Priority:NormalDue date:
Assignee:-% Done:

0%

Category:SCM
Target version:0.9.3
Resolution:Fixed Affected version:0.9.0

Description

This is a redmine-instance updated from 0.7.x to 0.8.x and now to 0.9.0. It's connected to a git repository which has about 9000 commits over various branches.

Whenever I'm hitting the repistory-tab and the repository has changed, redmine now is shelling out to git with the command line

sh -c git --git-dir '/var/git/repositories/xxx.git/' log --find-copies-harder --raw --date=iso --pretty=fuller --all

which - with a repository this size - causes git to work at 100% cpu usage for ~ 5 minutes.

It feels like a shortcoming in redmine to search through the whole repository each time something changes.
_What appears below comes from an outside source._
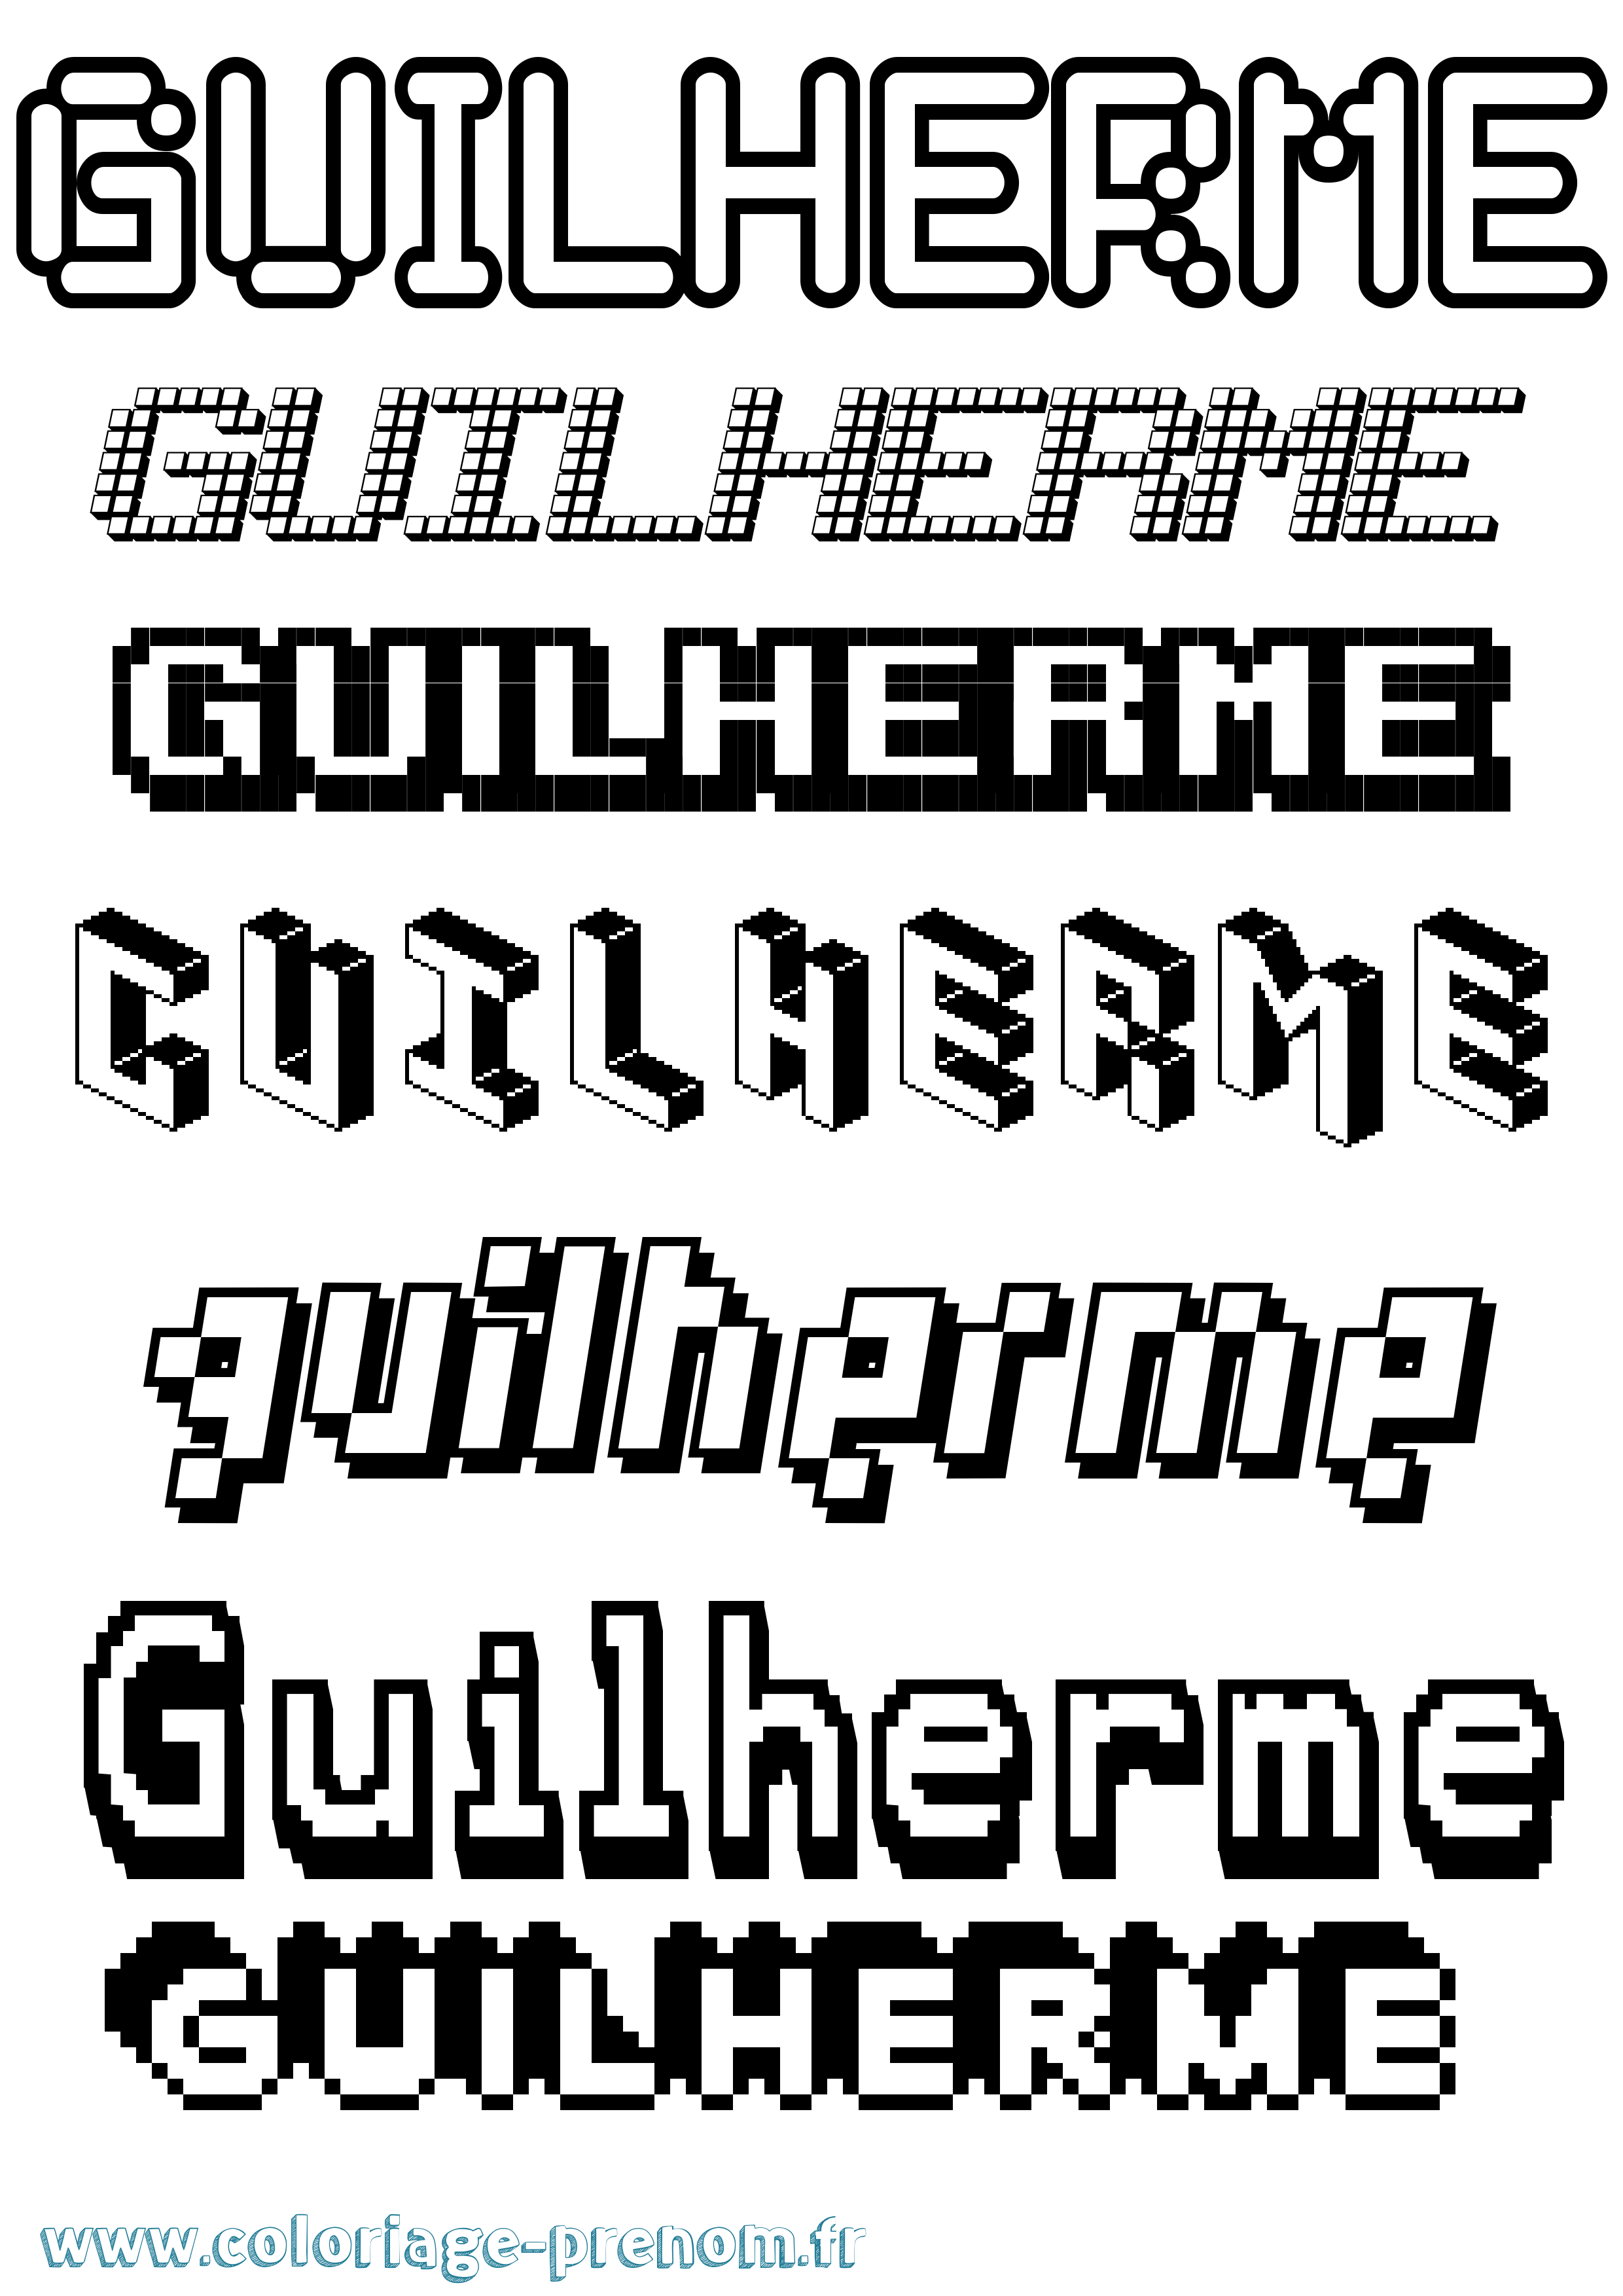 Coloriage prénom Guilherme Pixel

Or is this an artefact of updating from 0.8?


Related issues

Related to Redmine - Defect #4773: Redmine+Git+PostgresSQL 8.4 fails with linux kernel tree ... Closed 2010-02-09
Related to Redmine - Defect #8564: Git: `git mv file file2` shows up as delete + add instead... Closed 2011-06-08
Related to Redmine - Defect #8857: Git: Too long in fetching repositories after upgrade from... Closed 2011-07-20
Related to Redmine - Feature #1406: Browse through Git branches Closed 2008-06-09
Duplicated by Redmine - Defect #4876: Problem with fetch git-changesets after upgrade to Redmin... Closed 2010-02-18

Associated revisions

Revision 3394
Added by Jean-Philippe Lang over 7 years ago

Do not parse the entire git log to fetch new commits (takes several minutes for a few thousands commits), but only 1 week before the last known commit (#4547, #4716).

Revision 3468
Added by Jean-Philippe Lang over 7 years ago

Removes --find-copies-harder git option to retrieve commits which was way to slow (#4547).

Revision 5644
Added by Toshi MARUYAMA over 6 years ago

scm: git: add comments of revision order in fetch_changesets().

Related issues.
#5357, #6013, #7146, #4773, #4547, #1406, #3449, #3567.

Revision 8156
Added by Toshi MARUYAMA almost 6 years ago

scm: git: remove unused --since option (#4547, #4716, #7146, #6013)

History

#1 Updated by Philip Hofstetter over 7 years ago

I had a look at this.

In app/models/repository/git.rb, there's this comment:

With SCM's that have a sequential commit numbering, redmine is able to be
clever and only fetch changesets going forward from the most recent one
it knows about. However, with git, you never know if people have merged
commits into the middle of the repository history, so we always have to
parse the entire log.

and while I agree about the general points of this, I think we'll need some additional intelligence here if redmine's git support was to be useful for larger repositories.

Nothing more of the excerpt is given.